I lean back against the couch and think. "I guess the thing about being at war, or being in any intense situation like that, is that life takes on a different meaning. You understand how fragile it is, how short. It leaves you with a better idea of what you stand to lose if you wait too long to live your life."
She stares into the fire. The light picks up the gold flecks in her eyes. "And what if you're so afraid of what you might lose that you can't start living, or keep living, or do anything at all?"
I move closer to her on the couch. "What are you so afraid of losing, Jess?"
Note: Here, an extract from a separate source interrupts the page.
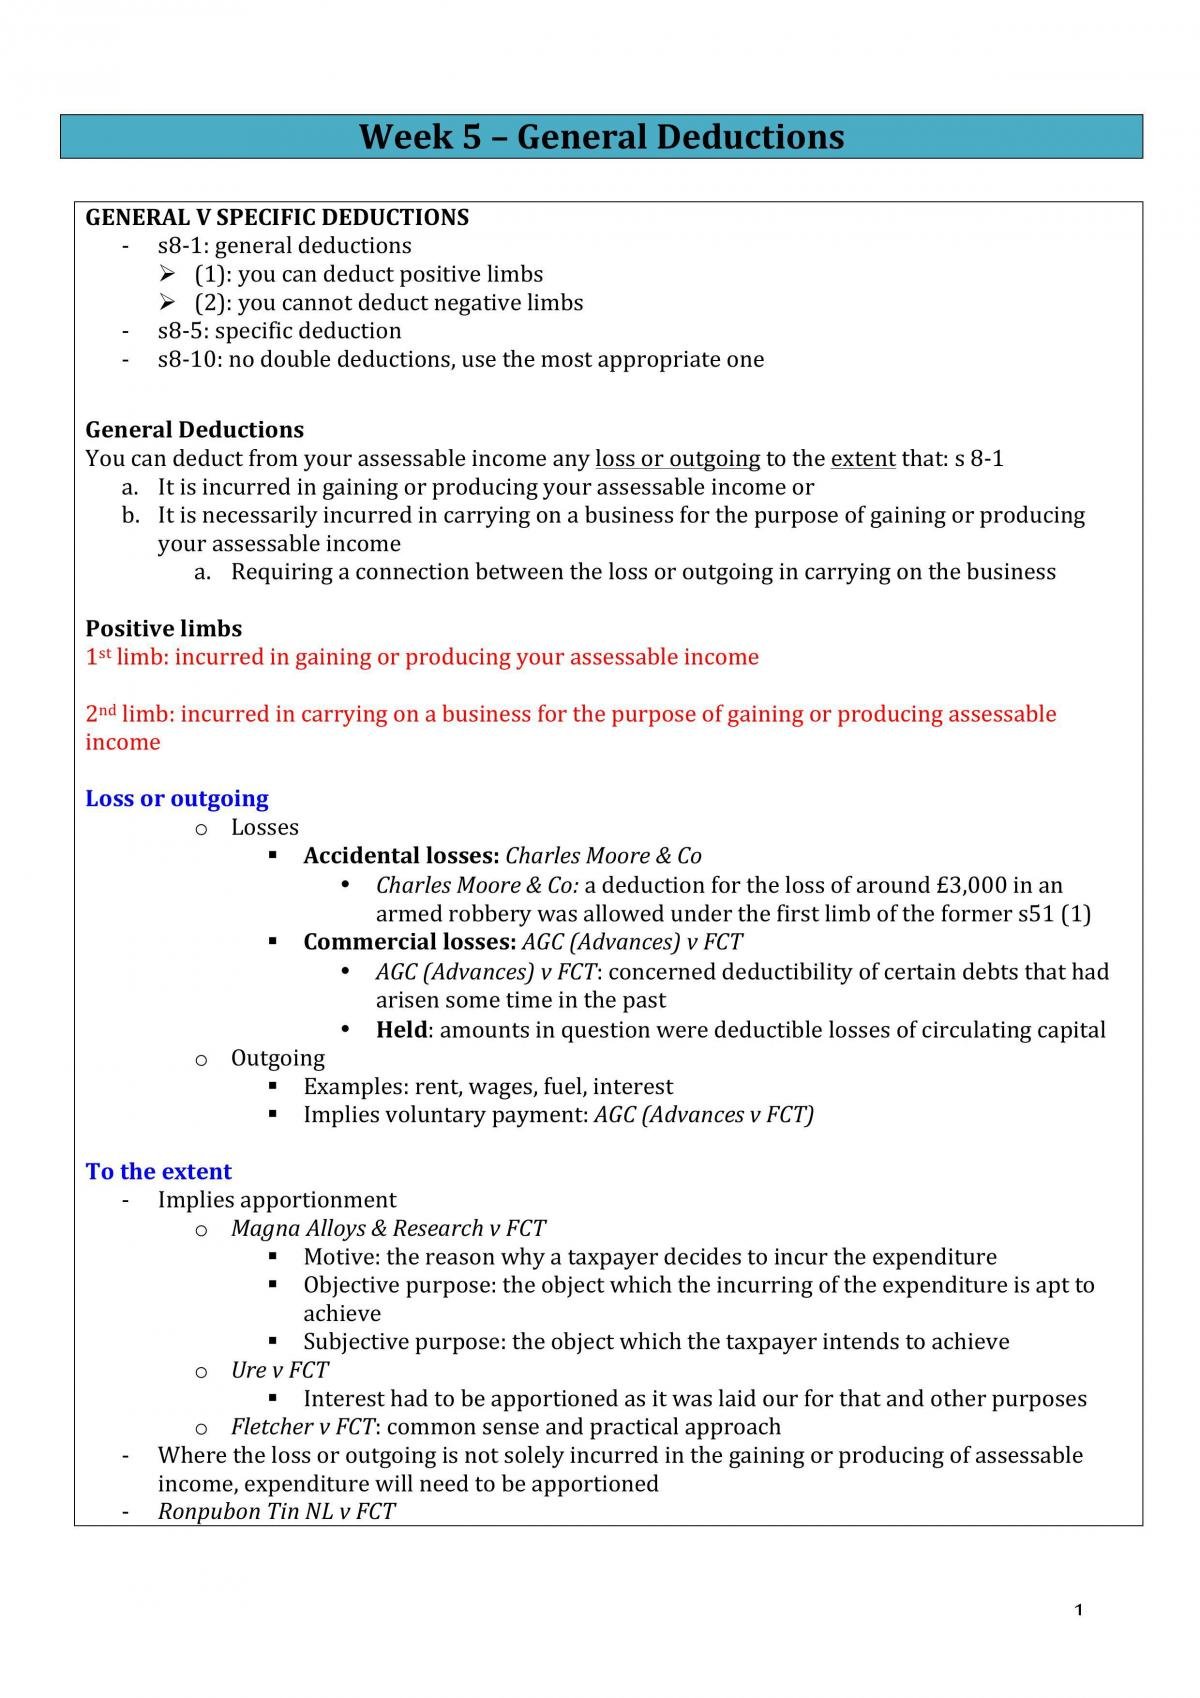 Final Exam Notes from Week 5 - Page 1

Her eyes meet mine. "You."
The air is sucked from my lungs. "Me?"
"I know it doesn't make any sense. But I've thought about it a lot. I was so afraid of losing you after Matt died that I did everything I could to push you away, to make you hate me. If I lost you that way, at least then it was on my terms, at least I felt like I was in control." She pulls her hand away. “Do you know what I felt when my dad told me that Matt was gone?”
"I can imagine."
"No. You can’t, because what I felt was relief.” She bows her head. “Because it wasn’t you. What kind of sister is grateful that her brother is dead because it wasn’t her boyfriend? And when I saw how much Kendra had lost, and then Jasmine, I was glad it wasn’t me, but I knew how easily it could have been. You told me you would have taken Matt’s place, and I know you would have. That just made it worse. I wouldn’t have let you take his place. Seeing Kendra today brought it all back. She’s happy, she’s moving on, and so much of my guilt is becauseof her.” She's curled in on herself on the other side of the couch. Her arms are wrapped around her shoulders and she's rubbing them, even though the fire is blazing and the room is hot.
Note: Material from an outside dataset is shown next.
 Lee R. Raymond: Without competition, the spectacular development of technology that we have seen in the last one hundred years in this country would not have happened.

My mind searches for something, anything that I can tell her that might make this better. “I think you’re feeling a kind of survivor’s guilt. We talked about that in post-combat counseling.Why did I live when someone else died?You can’t change what you feel. In Mosul, some guy dies who has a wife and four kids, and I’m happy it wasn’t me. I’m happy I get to come home. I get to be with you. And I feel guilty as hell.”
She looks up at me. “But it wasn’t your fault. You're not the one who chooses who lives and who dies.”
“But you do?”
She looks down again. “It’s not the same. Matt was my brother.”
“And you didn’t choose for him to die. And there's no way of knowing what choice you would have made if it were up to you. We don’t know why Matt and Gage didn’t come home, and I did. You loved Matt. I loved Gage. It doesn’t mean I should stop living out of guilt that my brother is dead, that he has a kid who will never know him. Pain happens, loss happens, but so do a lot of good things." I put my hand under her chin and lift her face to mine. “Maybe being happy it wasn’t me was your brain’s way of coping with it—finding something positive in a horrible situation. It doesn’t mean you didn’t love Matt. It doesn’t mean you don’t miss him.”
She doesn’t look away. “All this time I’ve been horrible to you. Everything I said. All the stupid reasons I came up with to hate you, so I could justify pushing you away. And what happened with Michael." Her eyes close in shame. "I'm sorry, Jacob. I know it's not fair for me to ask you to forgive or forget, or… but I'm so sorry for everything I did to you."